Assistant Commandant is a title often given to the second-in-command of a military, uniformed service, training establishment or academy. This usage is common in English-speaking nations, and in some countries it may be a military or police rank.

India 
The rank of assistant commandant is equivalent to the ranks of assistant commissioner of police (ACP), deputy superintendent of police (DSP), and Captain in the Indian Army. This rank is a group-A gazetted officer in the Central Armed Police Forces of India.

Assistant commandants in Central Armed Police Forces (CAPF) are appointed through a Union Public Service Commission (UPSC) selection process and are called directly appointed gazetted officers.

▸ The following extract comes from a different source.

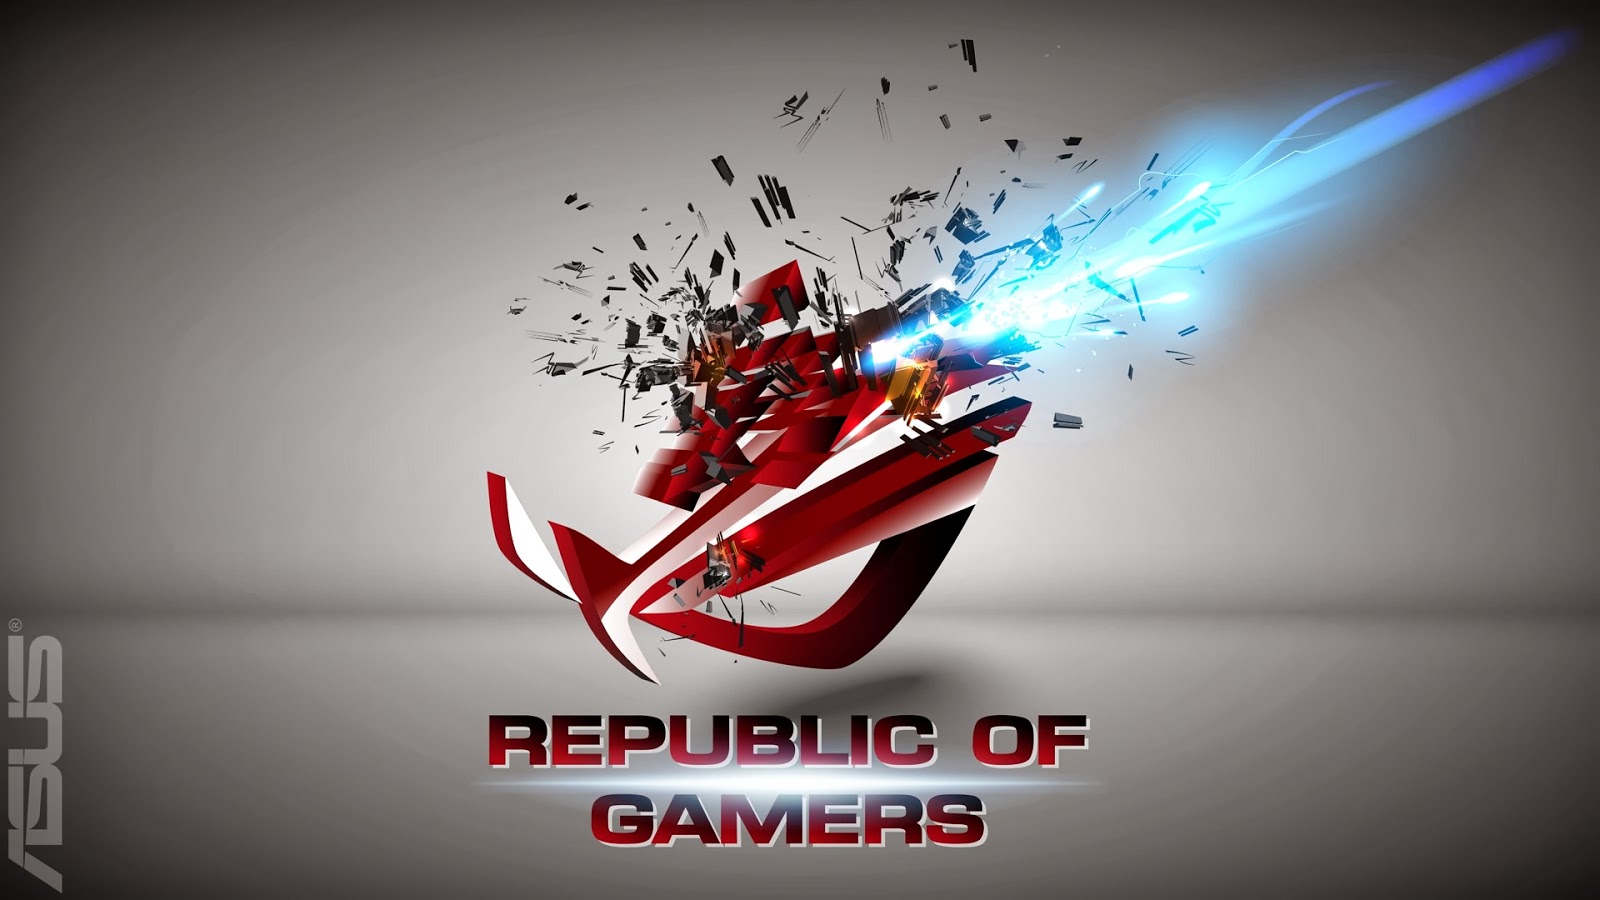 Asus Rog Republic Of Gamers Shattered Explosion HD Wallpaper Jpg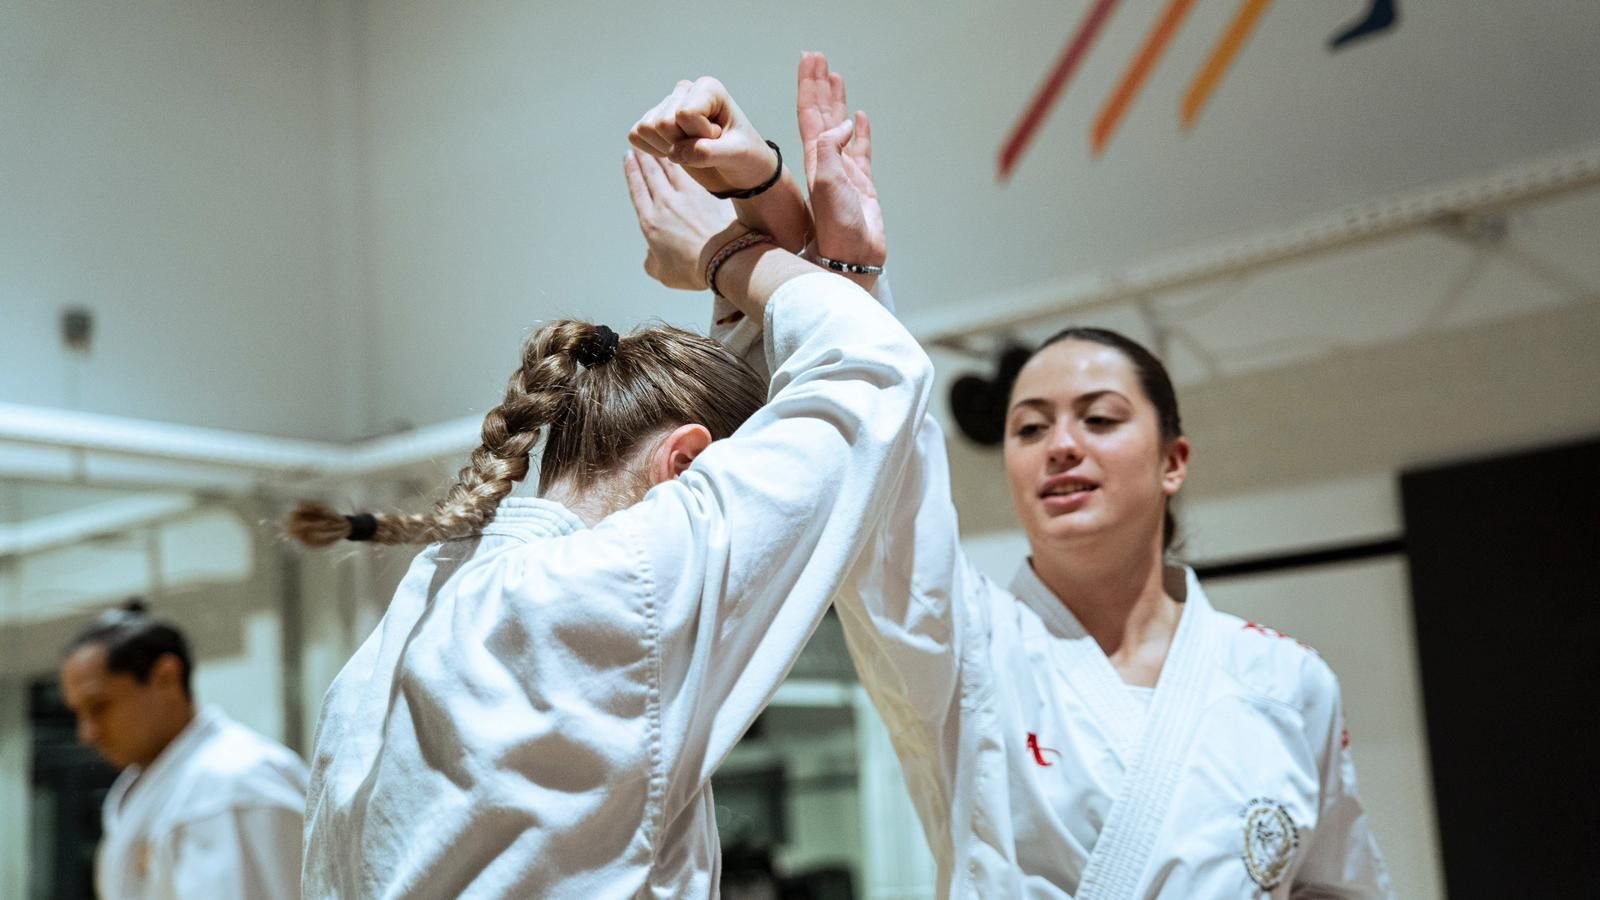 Clases de karate femenino.

Assistant commandants are mandated to command companies and direct action teams (DATs) in various CAPFs and law enforcement agencies, They are also sent on deputations to serve in various important organizations such as RAW, NSG, SPG, NIA, IB, CBI, NDRF, NCB, state armed police force (DRG, Jharkhand Jaguars, Bihar military police, IRB, UP/MP STF, etc.), and Indian Army on deputation. Their role and performance therefore assumes an enormous significance because of the special features of an emergency force which is pressed in aid to civil power to perform multiple roles in extremely difficult situations. They are also known for leading operations while on attachment with the state police forces of India.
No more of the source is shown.